I saw restaurants delivering trays of free food to shelters, shop owners donating their wares, students helping clear molding drywall and deacons delivering bottled water.

I saw community leaders; Girl Scouts; members of the Baptist, African Methodist Episcopal and Church of Jesus Christ of Latter-day Saint churches; people from Bloomberg Philanthropies, the fashion industry and volunteers from as far away as Israel come to our aid.

I saw families who’d lost everything they owned reach out and give of themselves freely to neighbors who somehow had it even worse than they did.

I saw one city become one people and rise above a 1,000-year flood with 1,000 simple acts of kindness and that — more than road closures or insurance claims — is the story of October 2015.

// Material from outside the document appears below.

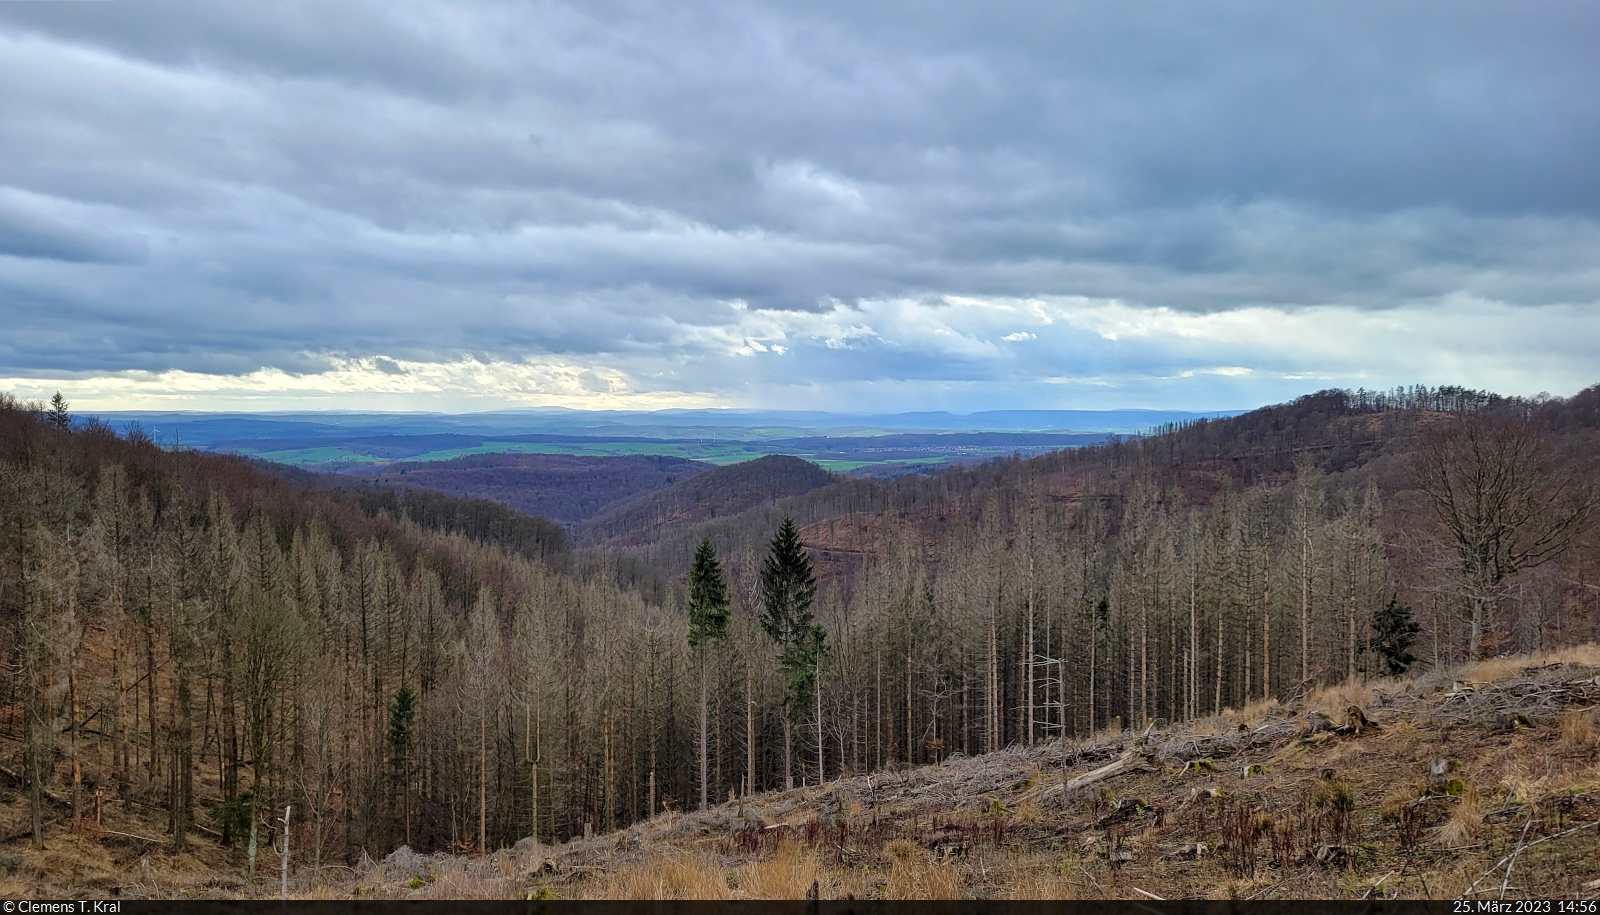 Der Wanderweg zum Großen Knollen im Westharz ermöglicht durch leider zahlreich gefällte Bäume eine Aussicht bis zum Eichsfeld in Thüringen.

🕓 25.3.2023 | 14:56 Uhr

Ten years later, that’s the story we need to remember because we don’t see it much when we look at each other right now. It’s hard to remember that no one asked who you voted for before they let you into the emergency shelter and that the troops deployed during the flood were driving water trucks, not carrying assault rifles.

It’s hard to remember, and maybe there are some who’ll say that’s not who we are anymore. But I don’t believe that. I believe we are our brothers’ keepers and our sisters’ keepers, a fabric of families and individuals from across the wide spectrum of separate circumstance, beholden only to each other, woven free and indivisible into the greater whole of community.

Even with all the shouting and the slogans and the violence and the hate we see right now, I still believe that with all my heart. I believe it because I’ve seen it with my own eyes.

We just need to remember.

Steve Benjamin was mayor of Columbia from 2010 to 2021.